I'm a hobby woodworker looking to build some frames for some new cabinets. These are going to be painted. I'm assuming that pine is not the thing to use. What is the best material here? Is it poplar? For the sides (carcasses) would you recommend plywood or mdf?

Lastly, for raised panels, do most people glue up their own pieces and then router them? Does anybody use MDF for such purposes? If using a built-up, would pine work for that or again, would you use the same material that the face frames are made of?

Thanks.


----------



## adeptr (Jul 8, 2008)

Alan........

Poplar would be a good choice for the frames. It is tight pored and would take the paint very well. I recently made two hallway benches out of poplar and it is very easy to work with. I made the cases out of the poplar on these two pieces also because they were stained instead of painted but that can get a little pricy. If your cases are not going to be exposed, I would opt to use birch plywood probably. I personally don't like working with MDF. Clear select pine would also probably work well but has splitting tendencies sometimes.

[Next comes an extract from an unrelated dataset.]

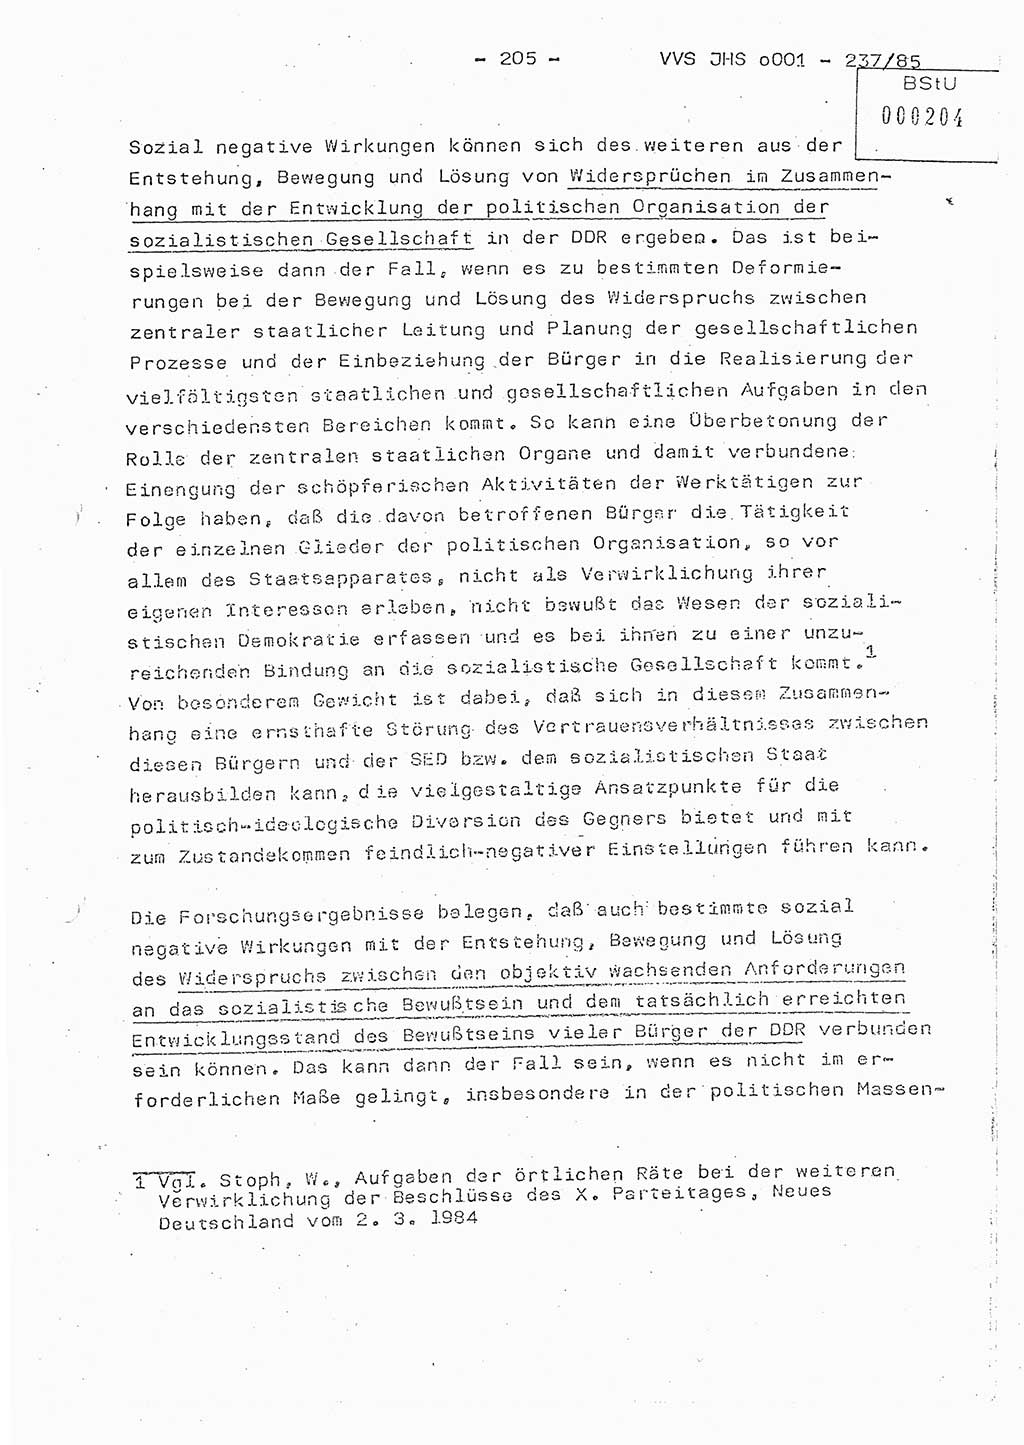 Dissertation Oberstleutnant Peter Jakulski (JHS), Oberstleutnat Christian Rudolph (HA Ⅸ), Major Horst Böttger (ZMD), Major Wolfgang Grüneberg (JHS), Major Albert Meutsch (JHS), Ministerium für Staatssicherheit (MfS) [Deutsche Demokratische Republik (DDR)], Juristische Hochschule (JHS), Vertrauliche Verschlußsache (VVS) o001-237/85, Potsdam 1985, Seite 205 (Diss. MfS DDR JHS VVS o001-237/85 1985, S. 205)

However, I recenly made some raised panels for a couple of doors and frames for my brother to put in his new retirement cottage loft, and these worked really well. He was going to finish them natural instead of painting them though.

Hope this helps some. I would wait and see if some others have differenct experiences and/or recommendations.

Dave
http://www.oldaveswoodshop.com


----------



## bzbatl (Feb 10, 2009)

Agree with poplar.


----------



## ~WoodChuck~ (Jan 17, 2009)

maple would be the best but poplar would be much cheaper. I would stay away from mdf for the doors. I would use a cabinet grade plywood for the shell of the cabinet.


----------



## firefighteremt153 (Jan 25, 2008)

Im with Alan on this. Im about to start building some painted cabinets and was wonering if I could use MDF for just the raised panels or should I just do a glue up of solid wood?


----------



## Alan (Mar 27, 2009)

Thank you all for your responses!!


----------



## mmtools (Aug 21, 2008)

I have used poplar with success. It is stable and easy to mill.


----------



## bzbatl (Feb 10, 2009)

I've seen MDF done for raised panels, but they had a melamine (I think) covering over them. When I took the plastic off the doors, the MDF underneath had the same profile. MDF paints up just fine.


----------



## brett (Apr 3, 2009)

there are many was of going about this pros and cons. my best advise would be to use mdf or a birch plwood to build the cabinet, both will take paint real well. as the faceing goes popular our maple would work both work well, as for doors mdf or birch fiber core, you can route them our leave.work well when you dont have time to build doors. i've used this process be for any times and never had a problem with them


----------